- _DATASET SECTION_:
____________

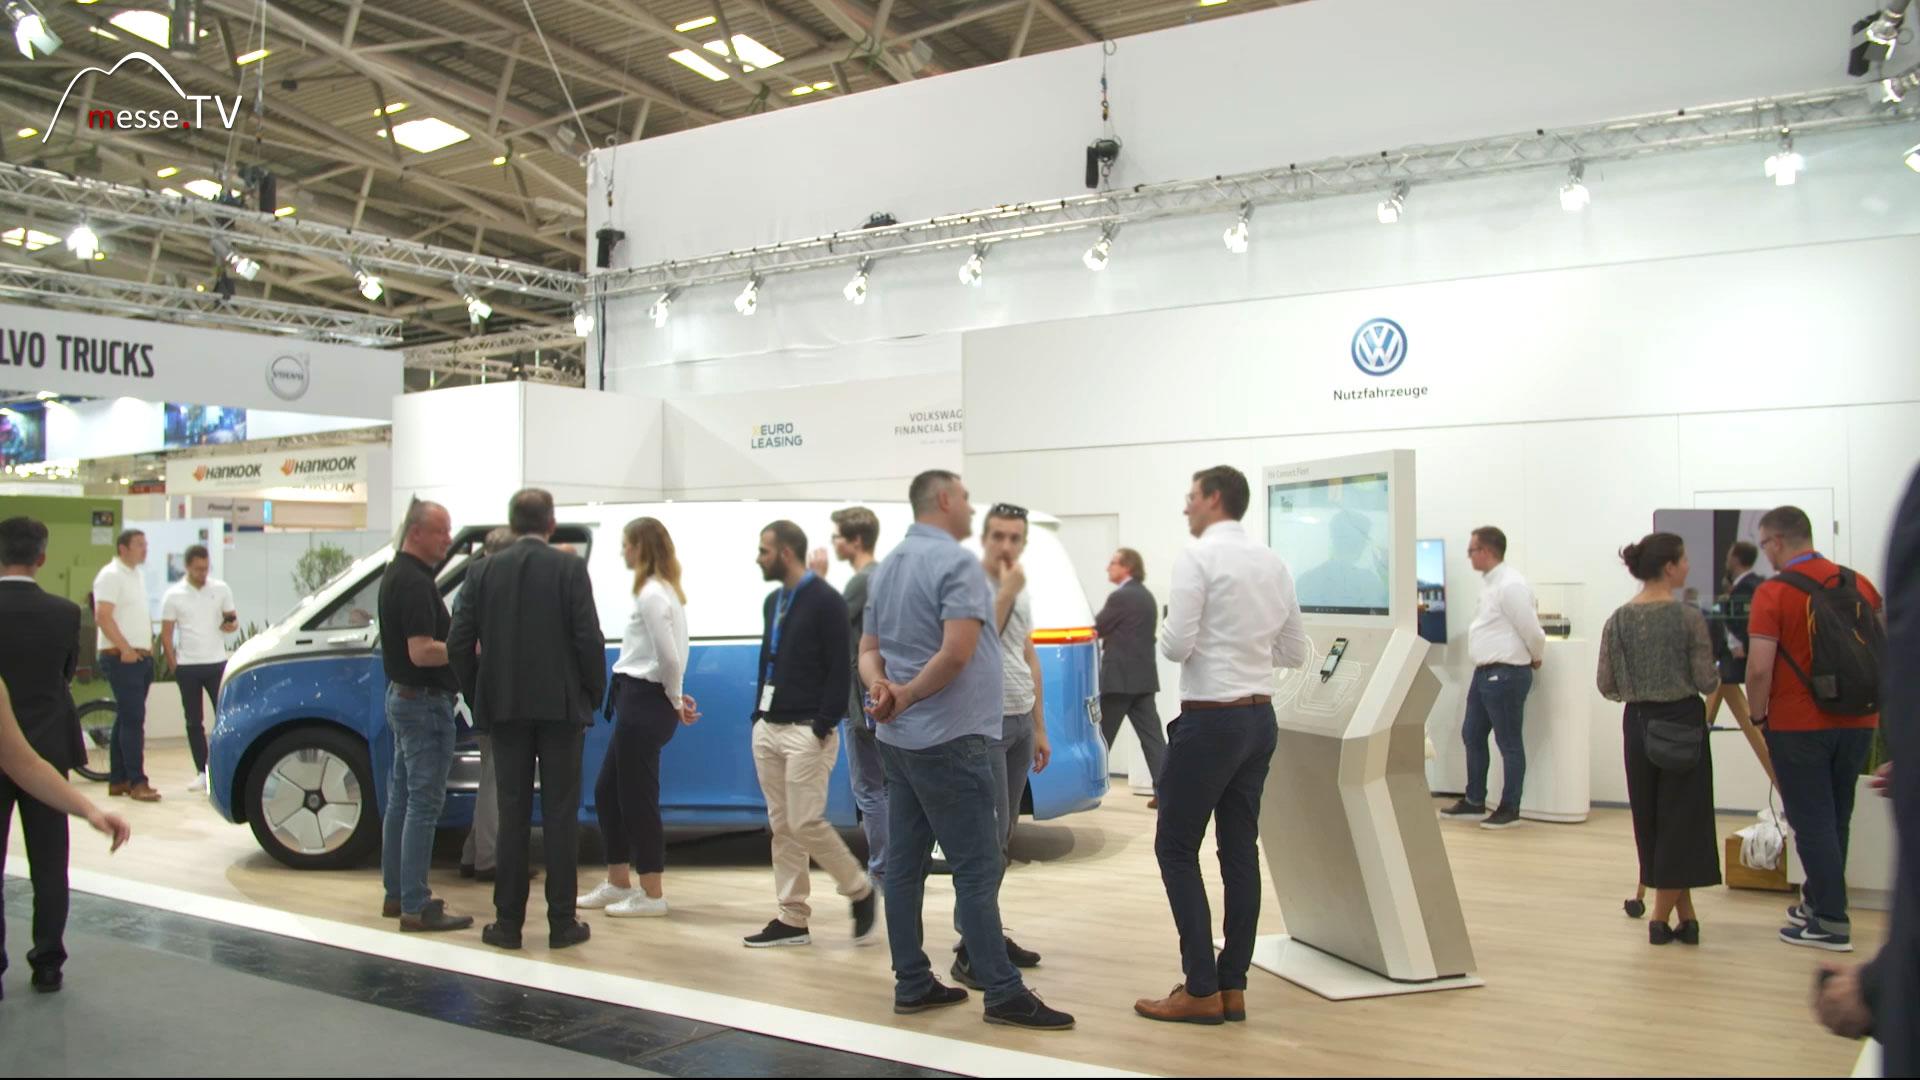 VW Nutzfahrzeuge Messestand transport logistic 2019 Messe München
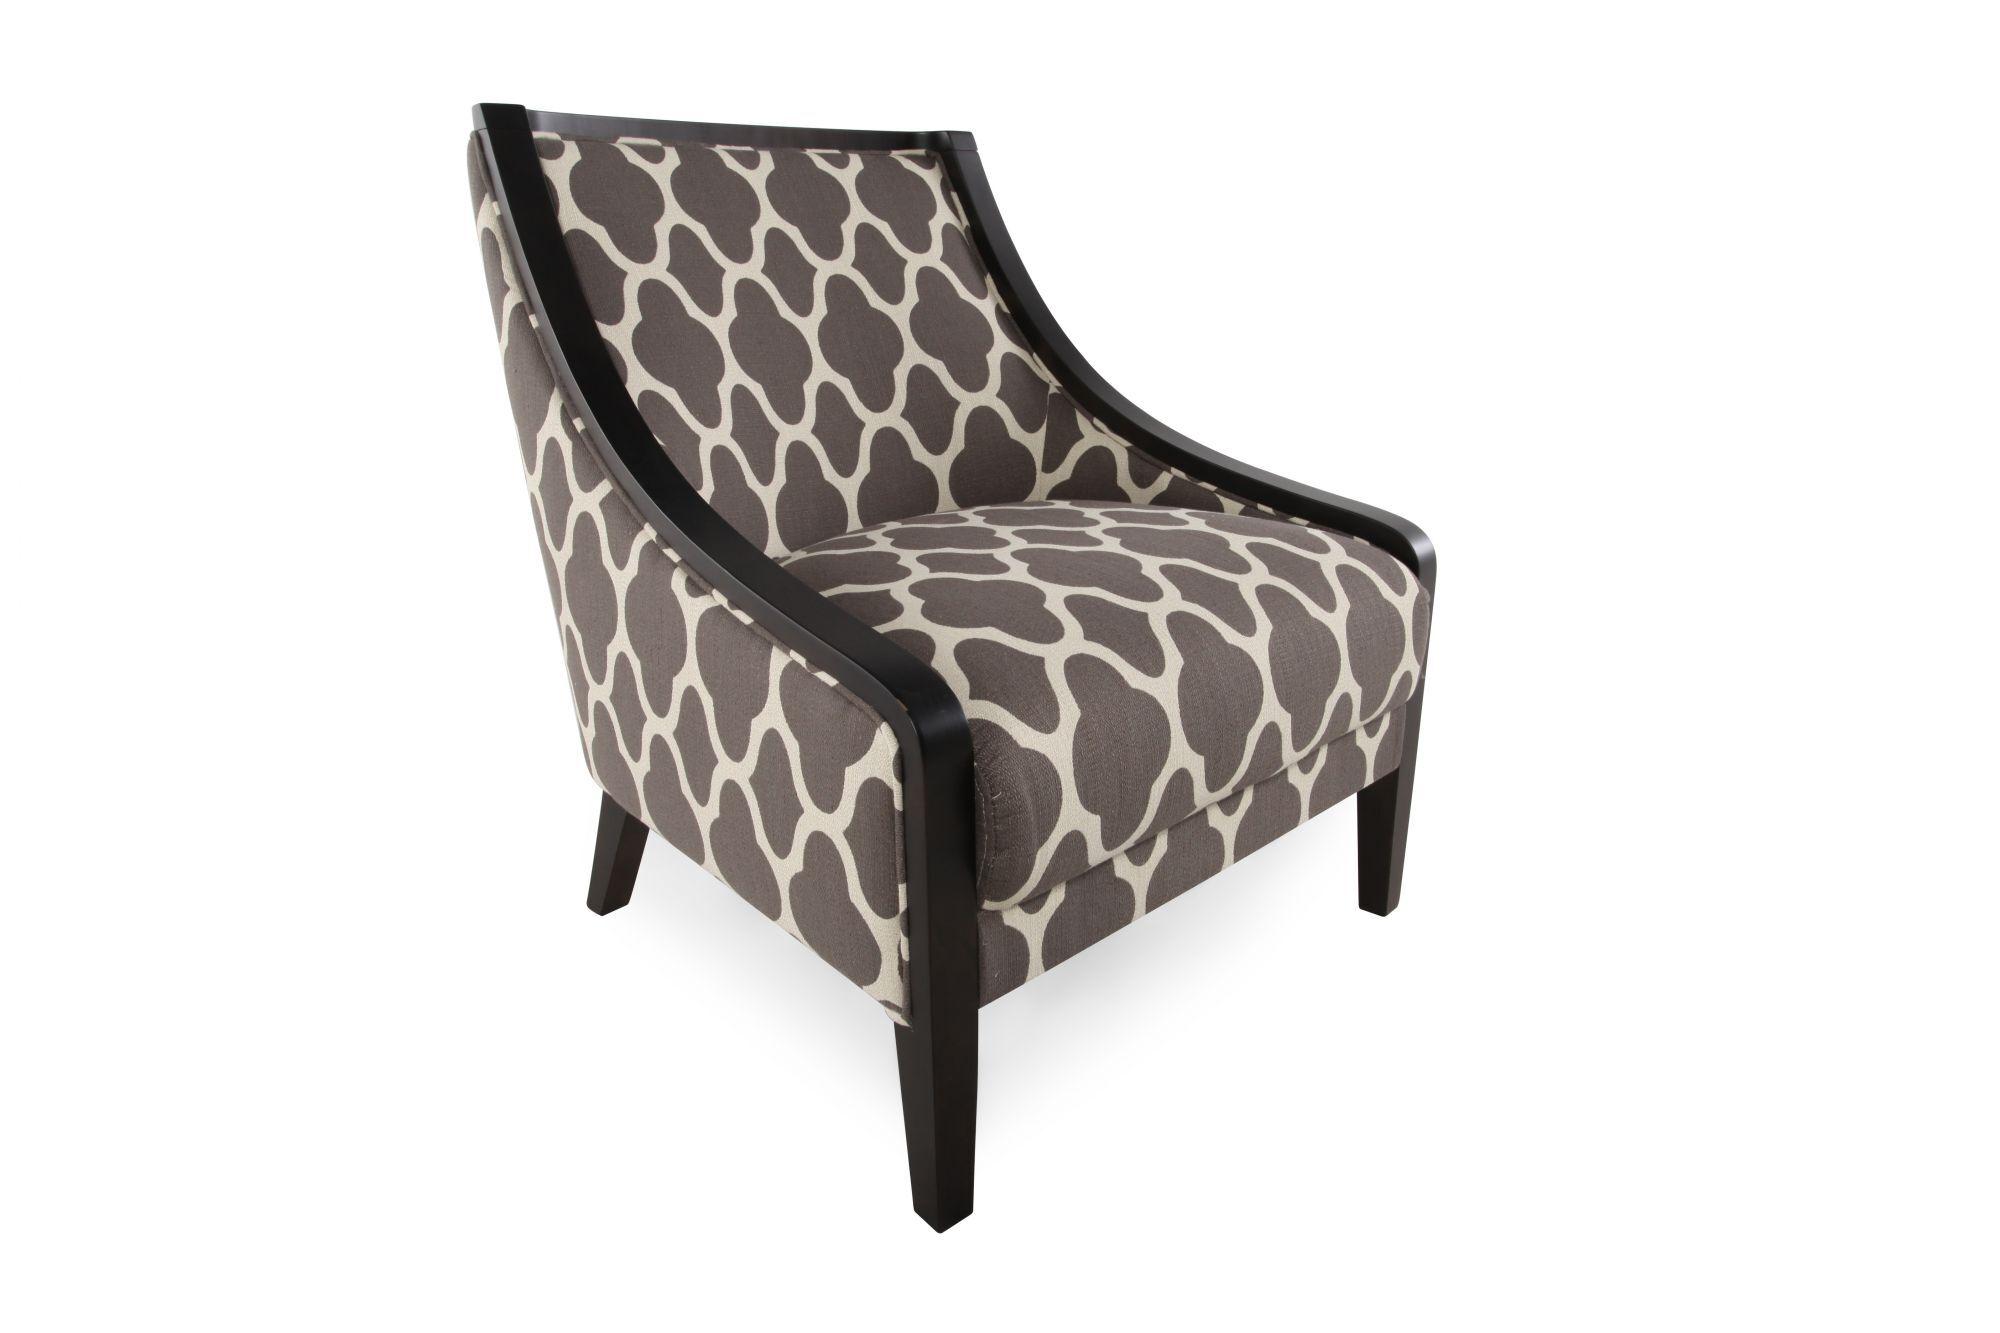 ... Quatrefoil Patterned Contemporary 28u0026quot; Accent Chair In ...
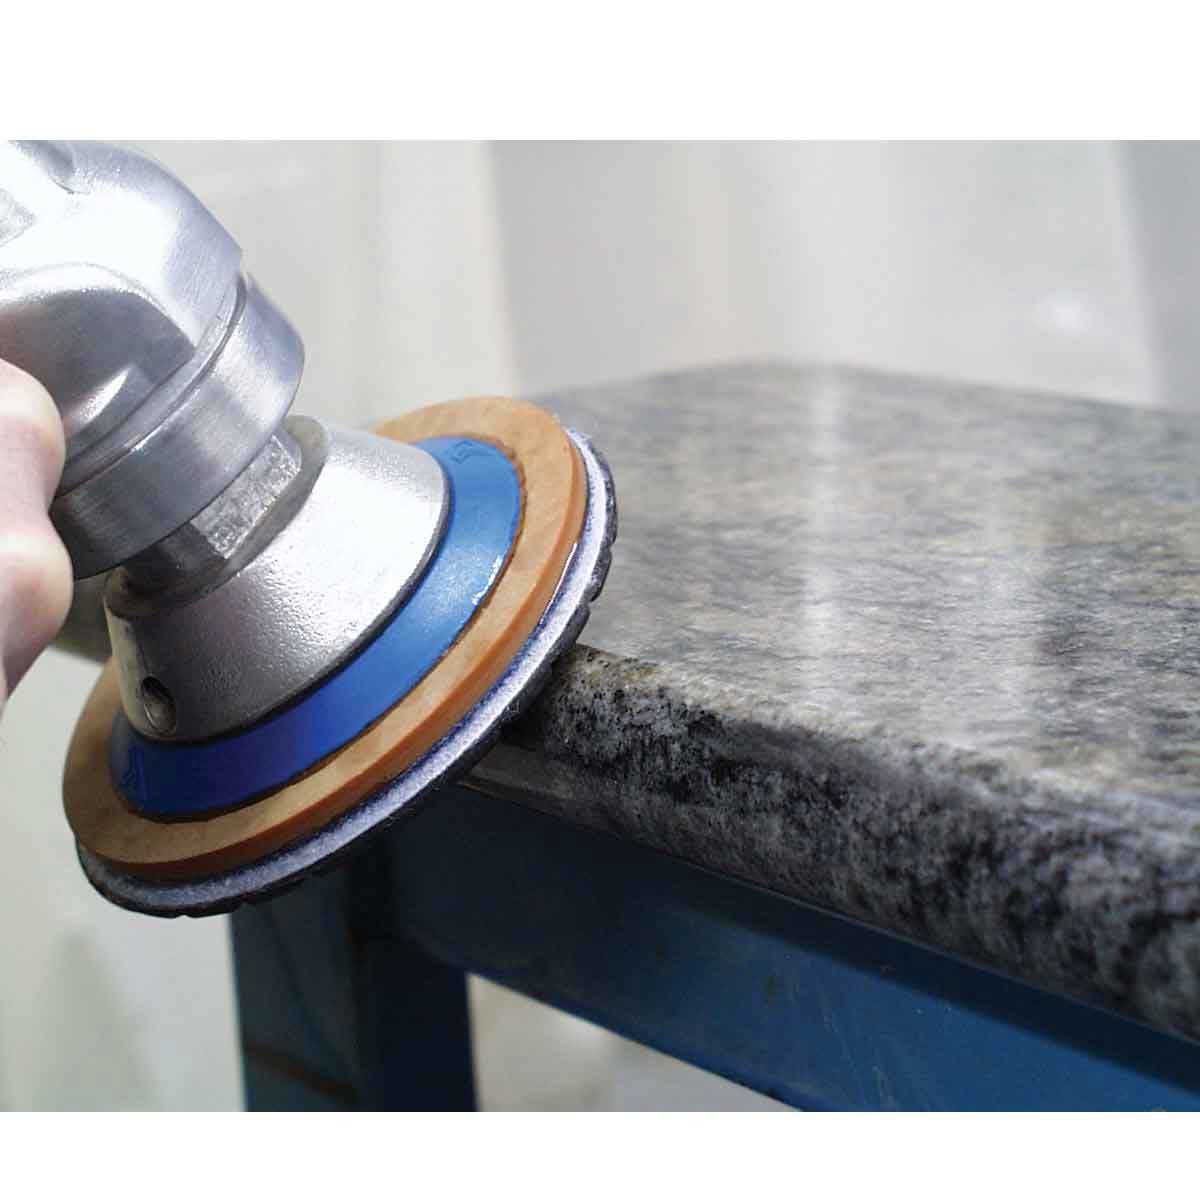 GP43000R 3000 Grit Wet Stone Pads
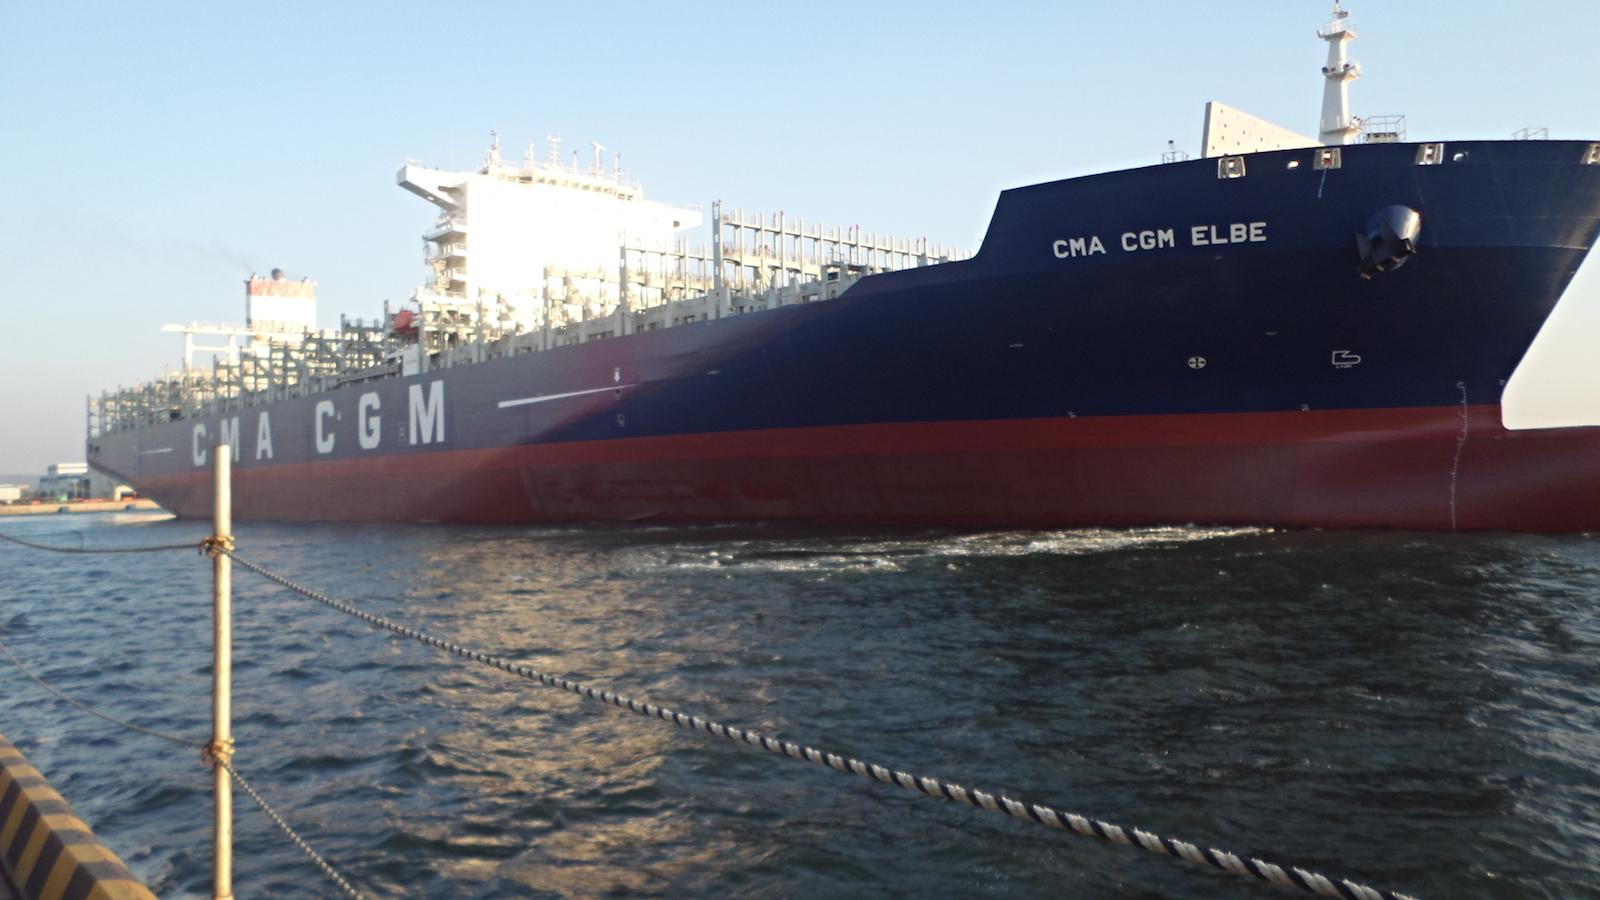 The CMA CGM ELBE enters the CMA CGM fleet

____________

- _WHAT IS NEEDED_: Return the full material word for word. Do not include the pictures.

- _ANSWER SPACE_:
 VW Nutzfahrzeuge Messestand transport logistic 2019 Messe München
 ... Quatrefoil Patterned Contemporary 28u0026quot; Accent Chair In ...
 GP43000R 3000 Grit Wet Stone Pads
 The CMA CGM ELBE enters the CMA CGM fleet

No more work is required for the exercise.